I went to the pet store and got another fire mouth. I was planning on getting 2, but they only had one. Anyways, I put him in the tank and sure enough it definitely worked. The big guy came out and has stayed out for the most part. My problem is I have witnessed the 2 that were originally in the tank, now chasing the newer one. I did move around some rocks before putting him in. I looked closely and he doesn't have any ripped finds yet and he seems ok..........I just don't want him to get beat up. Is the behavior being displayed fairly normal for them with a new tank mate or should I think about rehousing him at my office before things get ugly? Although at the office he will be sharing a tank with convicts, so that might not be much better for him.


----------



## Iggy Newcastle (May 15, 2012)

Sorry you didn't receive any responses.

What did you end up doing? Sounds like typical Cichlid behavior. Anyone newcomer will typically be chased or worse, especially with so few cichlids in the tank.


----------



## JoshMKB24 (Mar 10, 2018)

Iggy Newcastle said:


> Sorry you didn't receive any responses.
> 
> What did you end up doing? Sounds like typical Cichlid behavior. Anyone newcomer will typically be chased or worse, especially with so few cichlids in the tank.
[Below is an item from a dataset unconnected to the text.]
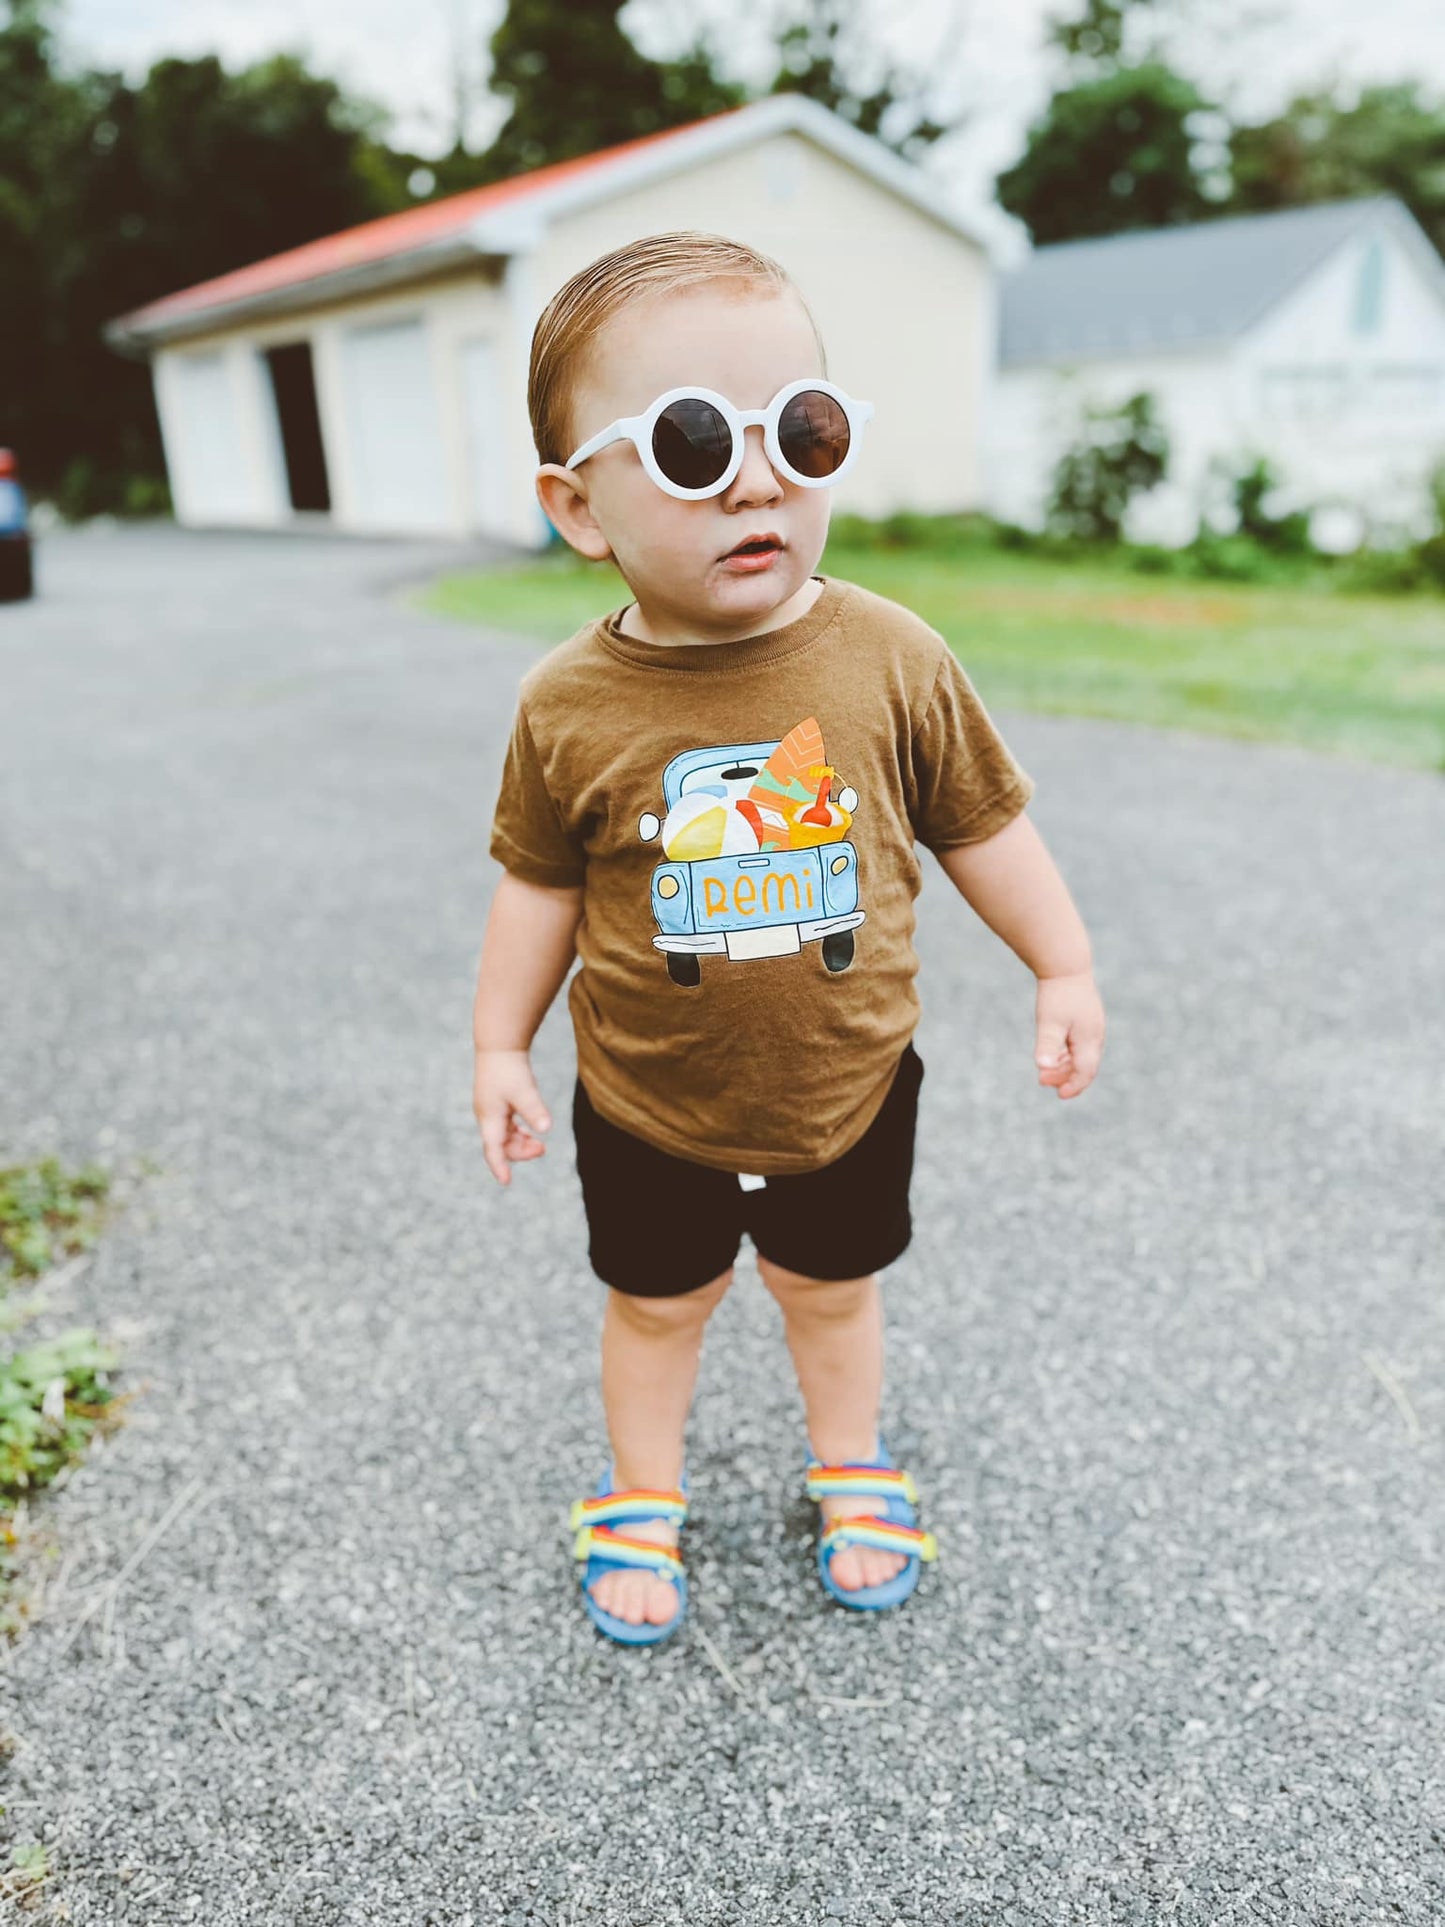 Toddler Tee Subscription

No problem at all. I've received so much good advice since joining and learned so much more from searching.........1x is not bad at all! It ended up being ok I suppose. The 1 is still the red headed step child haha. 2 of them hang out under a rock together and whenever the 3rd comes over they chase him out. They don't seem to actively seek him out to attack him anymore though. The tank they're in is a 37 gallon though so I don't want to overload it. Would I be cool getting a few more firemouths for them to hang out as a group? There are enough rocks in there that even if I added like 5 more(I won't add that many) they'd all have a place to hide and break eyesight with the others. I really want to get a convict or 2, but I am afraid because everything I read is that they can take over a tank. Watching the convicts we have in our office tank tear through feeder fish and any other tankmates we have tried makes me think it would be best not to add them and just stick with firemouth or some other mild mannered ones.


----------



## james1983 (Dec 23, 2007)

I would possibly remove the third wheel and add some dithers like mollies or swordtails. Firemouths do well in larger groups but tank space is limited.


----------



## JoshMKB24 (Mar 10, 2018)

james1983 said:


> I would possibly remove the third wheel and add some dithers like mollies or swordtails. Firemouths do well in larger groups but tank space is limited.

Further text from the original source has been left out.